Но если Делез мало затрагивал политическую доктрину Спинозы, то его последователь Антонио Негри, в своей книге «Дикая Аномалия. Философия власти Спинозы»,[11] предложил толкование Спинозы как революционного политического философа и предшественника марксизма. Негри синтезирует делезианскую и марксистскую линии в рецепции Спинозы. Спиноза не просто «открывает» революционную учредительную власть, он показывает, что она имеет как экономическую, так и политическую природу. То есть potentiaесть не что иное как производительные силы общества, например производительные силы голландского капитализма. И эти же производительные силы становятся, в революционной ситуации, учредительной властью, позволяющей учредить реально демократическое государство. В таком государстве власть будет выражать не просто абстрактных индивидов, а будет властью конкретных производителей. Негри, как мыслителю с анархистским прошлым, импонирует конечно «мягкий», основанный на взаимной выгоде, характер государства у Спинозы. Он особенно подчеркивает, что у Спинозы «множество», multitudo, приходит к власти как таковое и не перековывается в единство.

Негри в то же время не видит, что у Спинозы этот «анархизм» носит выраженно буржуазный характер. Голландия де Виттов – это республика крупных капиталистов и они, конечно, объединяются в государство как объединились бы в корпорацию. Но собственно «множества» как раз убивают в революционный момент де Виттов и поддерживают монарха – Вильгельма III Оранского. Кроме того, Негри сильно преувеличивает «левизну» Спинозы. При всей своей неортодоксальности, Спиноза, как и Гоббс, считает, что главной добродетелью государства является безопасность (а никак не совместное творчество масс[12]. Цель собирания множеств (multitudo) в государство – это «управление» ими и «сдерживание их в определенных границах»[13]. Но в целом сегодняшний интерес к политическим трудам Спинозы более чем оправдан: великий мыслитель замечает революционную мощь, которая лежит в основании современного государства и которая не сводится к простому хаосу «естественного состояния». Но вопрос, как сохранить эту мощь, чтобы государство не распалось на следующий день после революции – вопрос о формах политической памяти – этот вопрос остается. Для Спинозы он решается постоянной «подпиткой», обновлением мощи Богом – то есть, выражаясь мирским языком, перманентной революцией. Но как этот процесс постоянного обновления может происходить реально – остается непроясненным.


[1]Спиноза, «Политический трактат», в: Сочинения (СПб: Наука, 1999), сс. 247-330.

[2]«Политический трактат», 3,2, с. 260.

[3]«Политический трактат», 5, 7, с. 271.

[4]«Политический трактат», 2.8, с. 254.

[5]«Политический трактат», 2, 16, с. 257.

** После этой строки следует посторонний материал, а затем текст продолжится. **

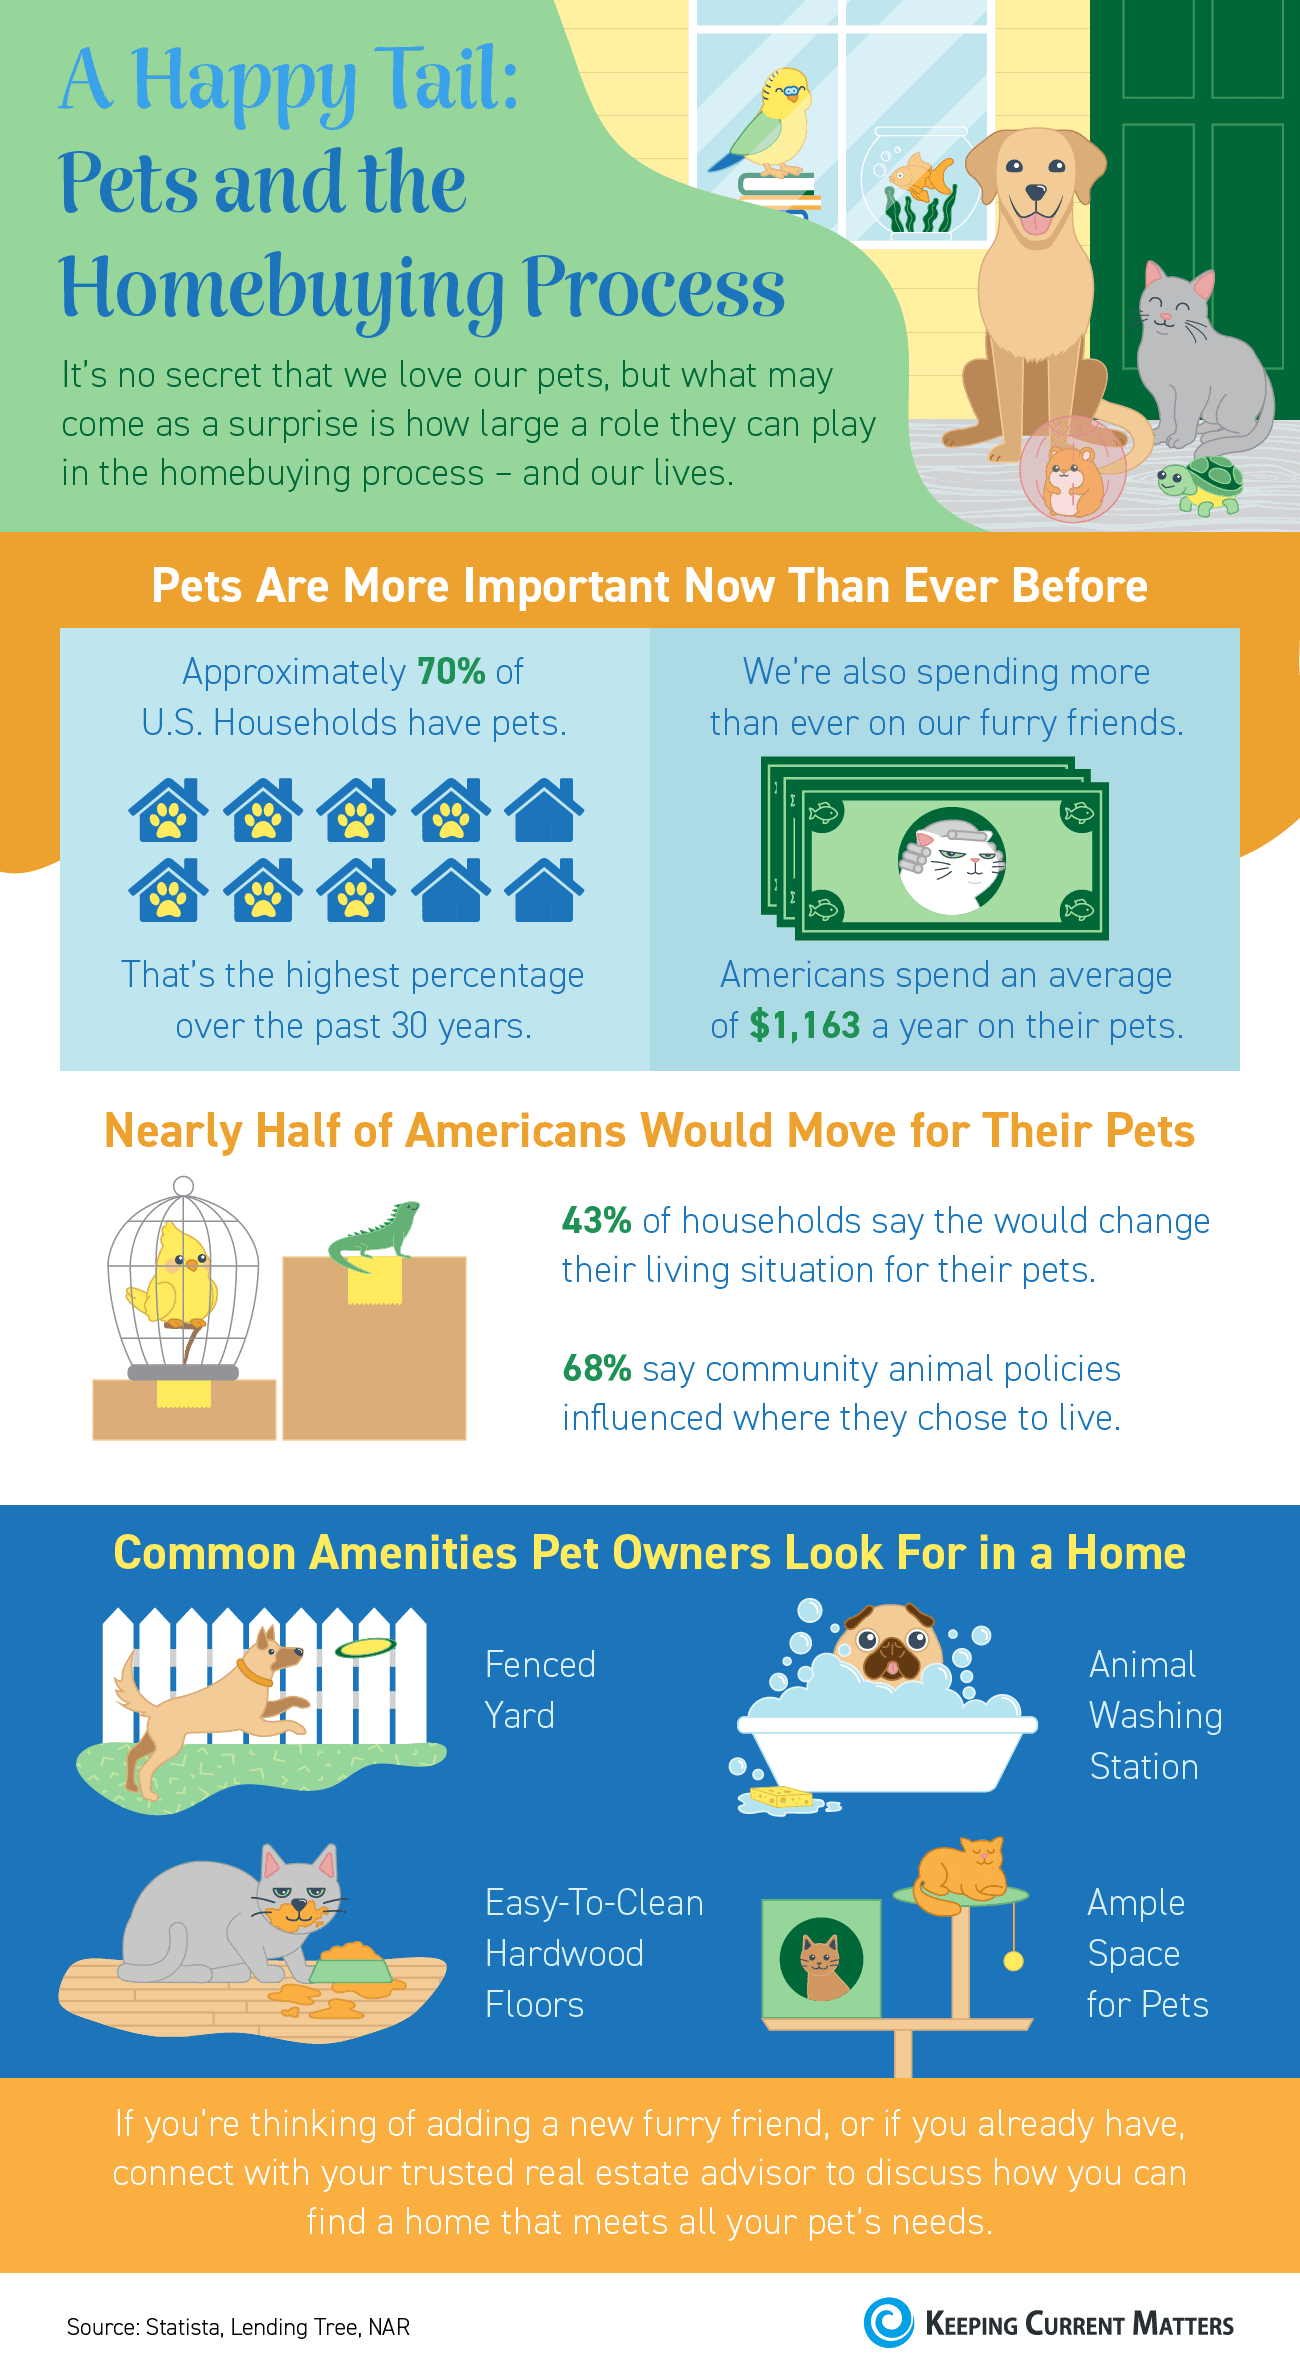 A Happy Tail: Pets and the Homebuying Process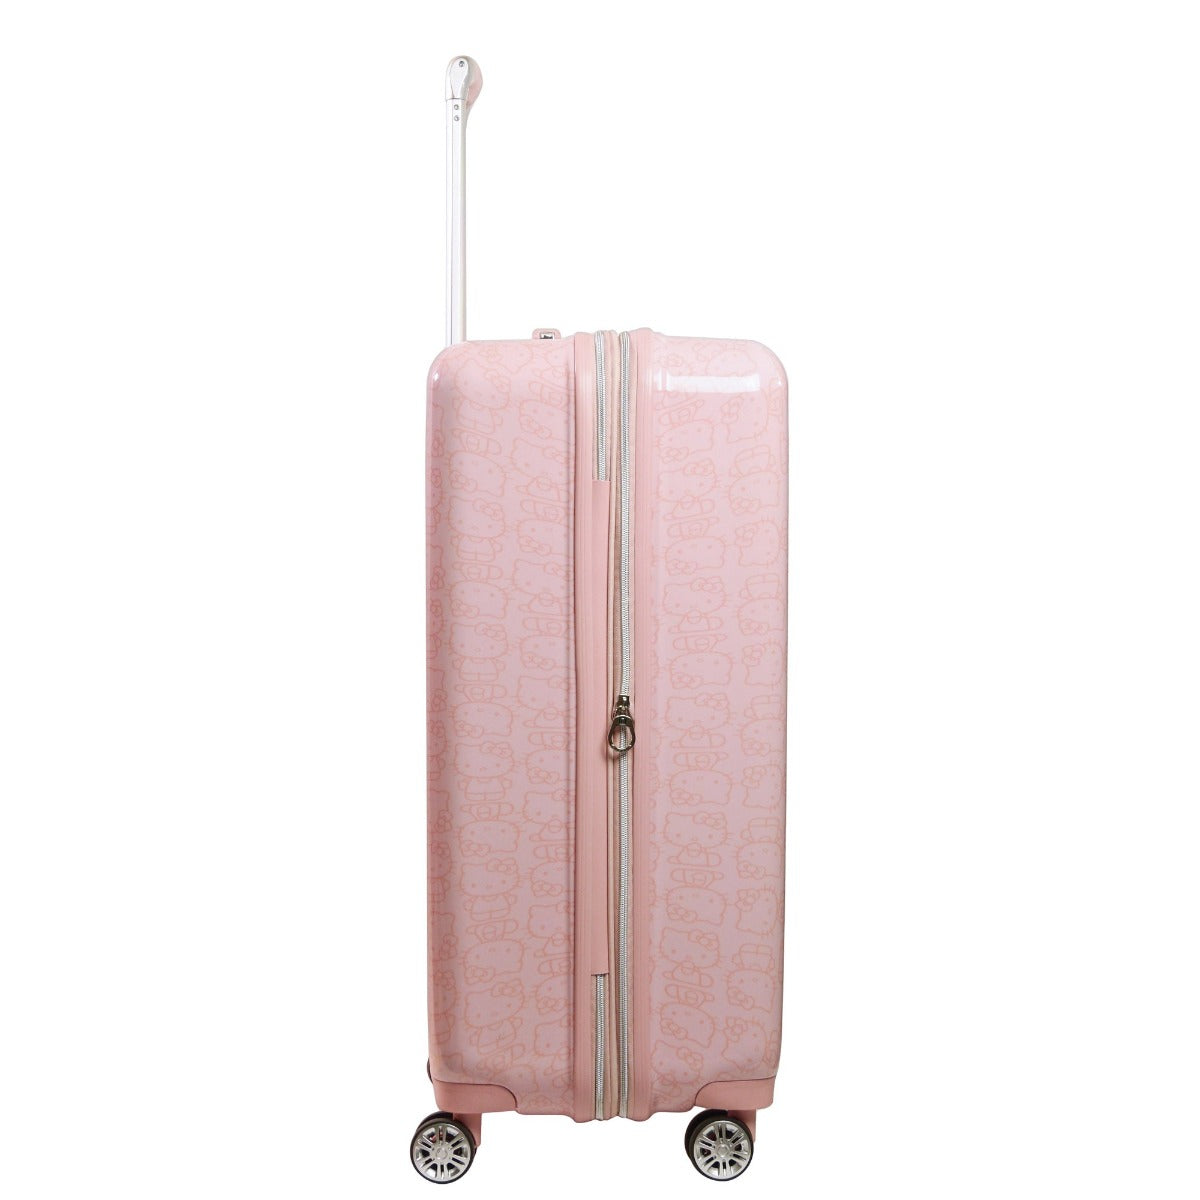 Hello Kitty Pose All Over Print 29.5 inch Hard-Sided Luggage Pink checked spinner suticase

[6]«Политический трактат», 3,1, с. 259.

[7]«Политический трактат», 10, 3, с. 298.

[8]«Политический трактат», 11.1, с 328, ср. также с. 298, 8.3.

[9]«Политический трактат», 11, 1, с. 329.

[10]«Богословско-политический трактат», Сочинения, т.2, с. 14.

[11] Antonio Negri, The Savage Anomaly: The Power of Spinoza’s Metaphysics and Politics, trans. Michael Hardt (Minneapolis, University of Minnesota Press, 1991).

[12] «Политический трактат», 1, 6, с. 251.

[13]«Политический трактат», 1,3, с. 250.